Descontados alguns ocasionais habibs e uma ou duas expressões em árabe (até hoje indecifráveis para mim), nós todos nos comunicamos harmoniosamente em inglês. E não fosse a minha dificuldade em pronunciar alguns de seus nomes (e, no erro, ser prontamente corrigida por eles), meu sotaque de brasileira talvez tivesse passado despercebido.

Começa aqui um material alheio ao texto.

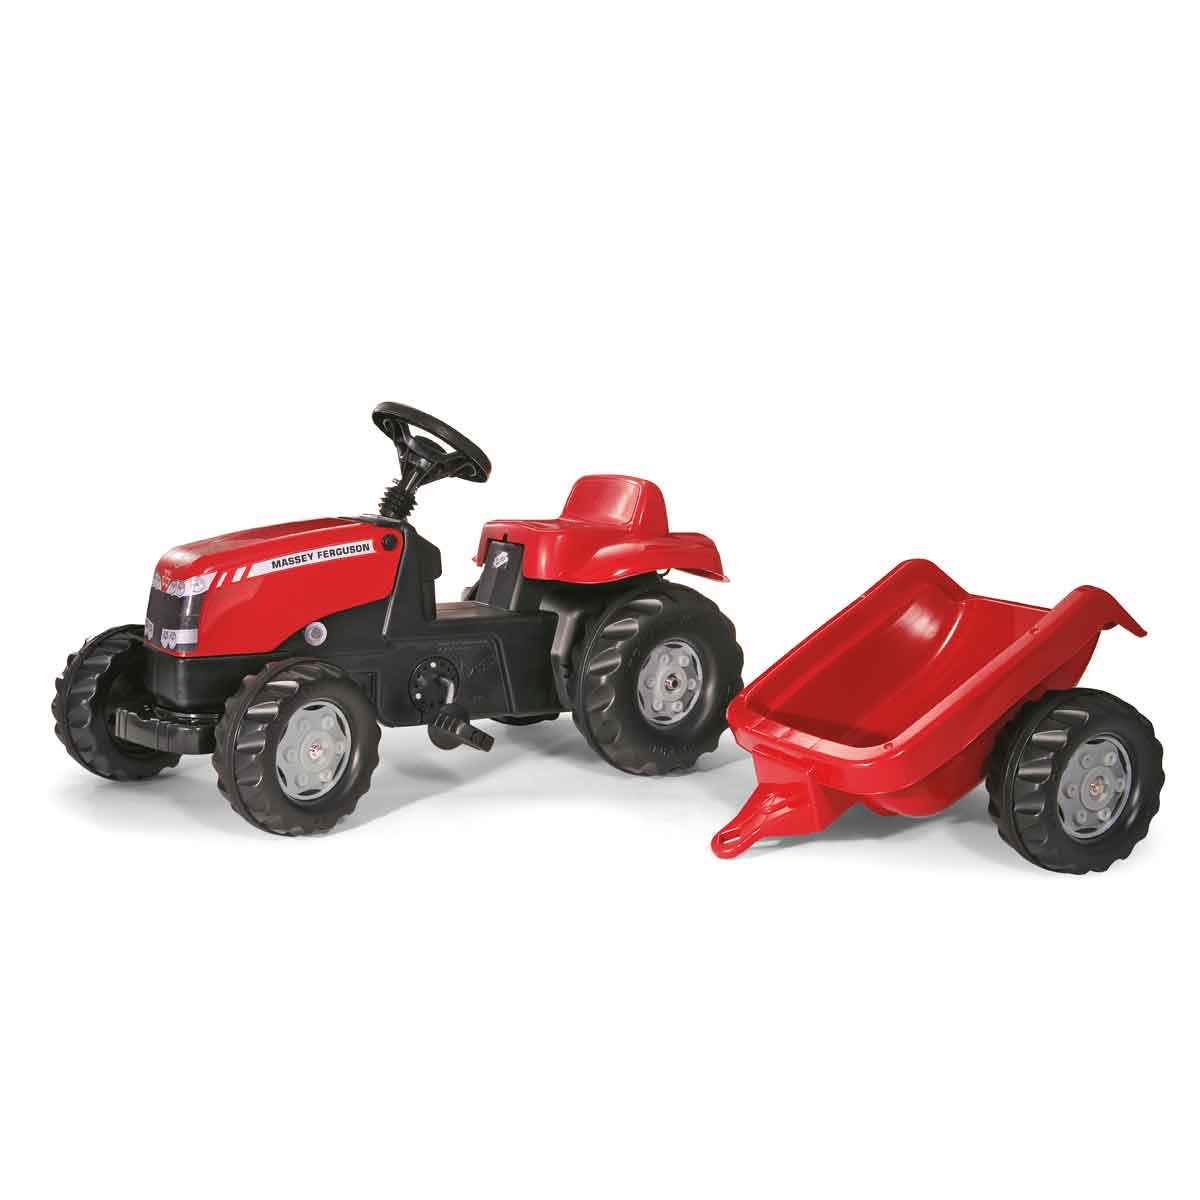 Rolly Toys Massey Ferguson Ride On Tractor and Trailer, red

Não passou, mas foi aceito com naturalidade, como quaisquer dos outros variados sotaques ali ouvidos.

Além de "The mare and the water", lemos na King David os poemas "The boy and the donkey", "Girls at the window", "Flash flood", e "The little white horse", traduções, respectivamente, dos seguintes poemas de Cecília Meireles: "A égua e a água", "O menino azul", "As meninas", "Enchente", e "O cavalinho branco". Em diferentes ocasiões as crianças demonstraram gostar das atividades de discussão e de ilustração: seja envolvendo-se ativamente nas discussões, seja declamando enfaticamente os poemas, seja expressando-se abertamente – "This is so good!" – ao término da vivência.

Cada história de vida tem sua própria dose de delicadeza e violência, desafio e rotina, assombro e decepção, desatino e conformação; e seu próprio quinhão de eventos internos, subjetivos, que podem ser tão ou mais estrondosos quanto os eventos externos, provocados muitas vezes por instâncias familiares, sociais, políticas, econômicas. O contexto que procurei delinear aqui com traços das escolas e de seus alunos, se tem alguma pretensão é a de prover o leitor com um pouco do que testemunhei, do que pesquisei. Trata-se de um recorte ínfimo de uma realidade infinita que acredito se tornar mais 'definita' quando nos aproximamos dela. Este foi, afinal, o meu intento: aproximar o leitor daquilo que eu vivi; apresentá-lo às pessoas e lugares que entrevi, e conheci, ou que me deram a conhecer. Um instantâneo. Acredito que uma imagem mais clara surgirá das transcrições das vivências que, ao libertar as vozes das crianças, as proverá também de forma e cor e materialidade: um instantâneo encorpado. Não deixará de ser um instantâneo de um pensamento gerado em determinado instante; afinal, "as pessoas não estão sempre iguais, ainda não foram terminadas – mas que elas estão sempre mudando", como disse Guimarães Rosa. Conheceremos, assim, um instantâneo encorpado do que as crianças pensaram a respeito dos poemas, ou além dos poemas, ou a despeito dos poemas, quando provocadas por eles. Com o recorte e os traços aqui pincelados, quis jogar alguma luz sobre as interpretações das crianças. Espero desta vez ter sido mais janela que anteparo. Em nome delas.